It was a full five minutes after the front door had closed behind Kai that Lupe found the wherewithal to move again.

That night, she dreamt of Kai licking her in other places. She chalked it up to the erotic episode she’d had earlier with Alcaeus, to being exhausted and consuming too much champagne, and to the fact that no one had ever licked up the tracks of her tears before, and she decided to leave it at that.

The following morning Kai came by the house to check on her and Jussara and to inform Lupe that Alcaeus had had to depart rather suddenly during the night for Europe. “Pack business” is what Kai labeled the unexpected, timely trip.

Lupe gave him a raised eyebrow over her coffee mug that said he was full of shit. When that wasn’t enough to get a reaction out of him, she added, “You’re a devoted chastity belt.”

He brought his coffee mug to his lips, not bothering to deny that it was he who had convinced Alcaeus to go away for a while and give her space.

Lupe knew Kai didn’t approve of Alcaeus pursuing her, and in truth, she was grateful for his cock-blocking efforts. While she knew she and Jussara really couldn’t stay with Alcaeus for too much longer, for the time being he was still their best source of protection.

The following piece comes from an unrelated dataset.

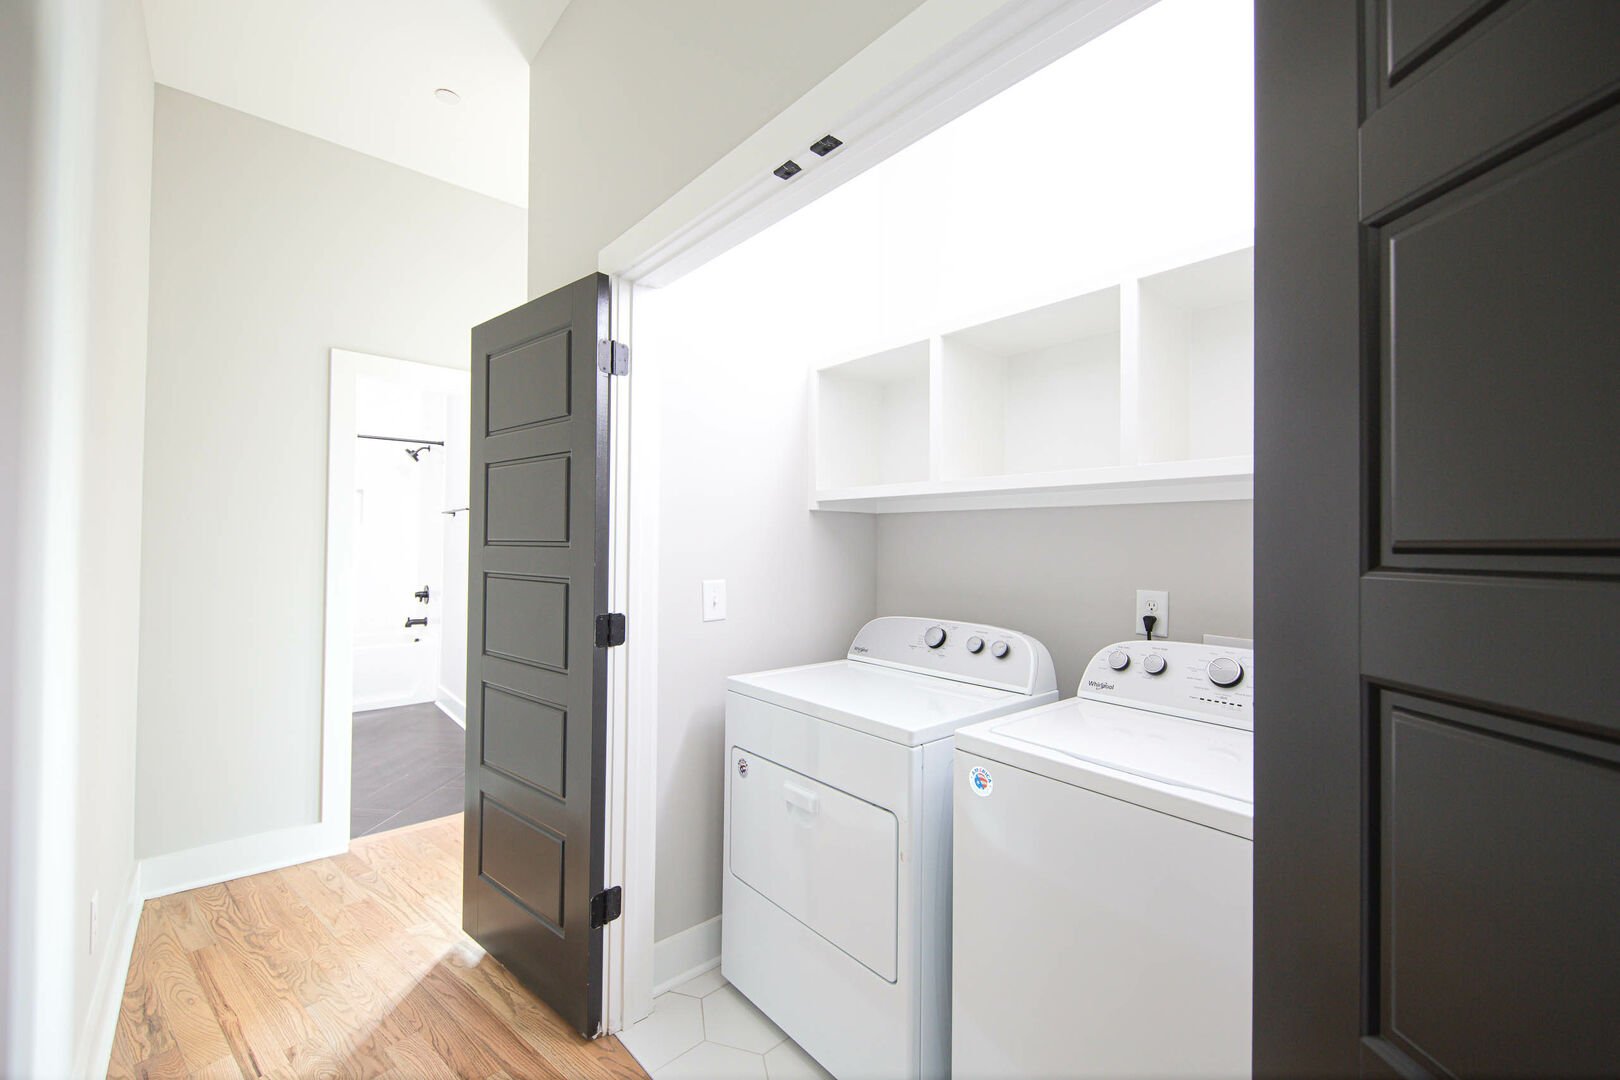 1st unit, 3rd floor: Complimentary washer and dryer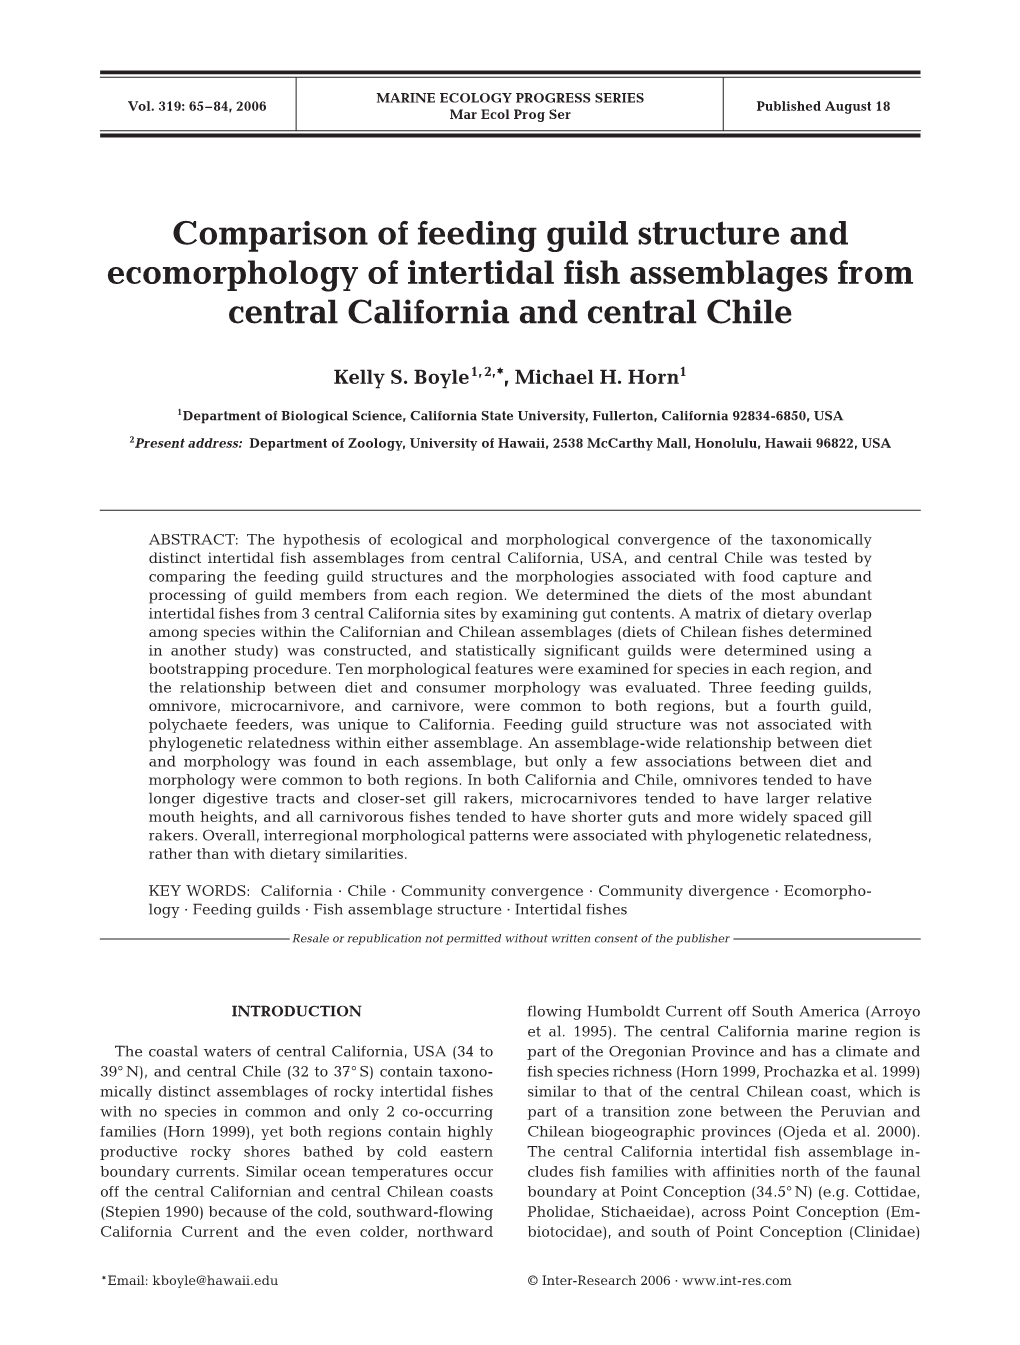 Comparison of Feeding Guild Structure and Ecomorphology of Intertidal Fish Assemblages from Central California and Central Chile

It would be foolish and irresponsible of her to risk her daughter’s best chance at survival by blowing her friendship—and employment—with Alcaeus. And there was no quicker way to blow a friendship-slash-employment with a man than to … well … blow him.

“Thank you. I won’t encourage him again,” she spoke to her coffee.

“Breathing encourages him.”

She cracked a grin and ultimately broke into laughter at Kai’s very accurate, stoically delivered assessment of his best friend.

He smiled and gave her a wink that caused her stomach to flutter, it was such an uncharacteristic gesture from him.

“I care about Al,” she felt the need to confess. “Very … very much.”

“I know.”

“It’s just—”

“You’ll never love him,” Kai concluded. “Not the way he loves you.”

Her emerald eyes misted in betrayal at the brief agony exposed in Kai’s soft brown ones.

“Not because you won’t want to. Because your soul isn’t free to.” He arose from the dining table faster than she could blink. “I’ll take Jussara for a walk. You can watch your telenovela.”

And cry
. He didn’t have to say it.

He knew.
Of course Kai knew.
About her secret vehicle for crying as well as the horror of her predicament. It was another reason Lupe felt such a kinship with Kai.

The widowed wolf baby doctor was considered a great anomaly amongst his kind for the fact that he’d survived the loss of his “true mate”—something that no other werewolf or werelock since the dawn of the species had ever managed.

Kai’s deceased mate, Maribel, was described by nearly all as having been sheer perfection in life, a born prodigy and a veritable saint among werelocks. Lupe knew many of the other werelocks resented Kai for outliving Maribel—branding him a freak of nature for his unprecedented survival over the last fifty years since Maribel’s death.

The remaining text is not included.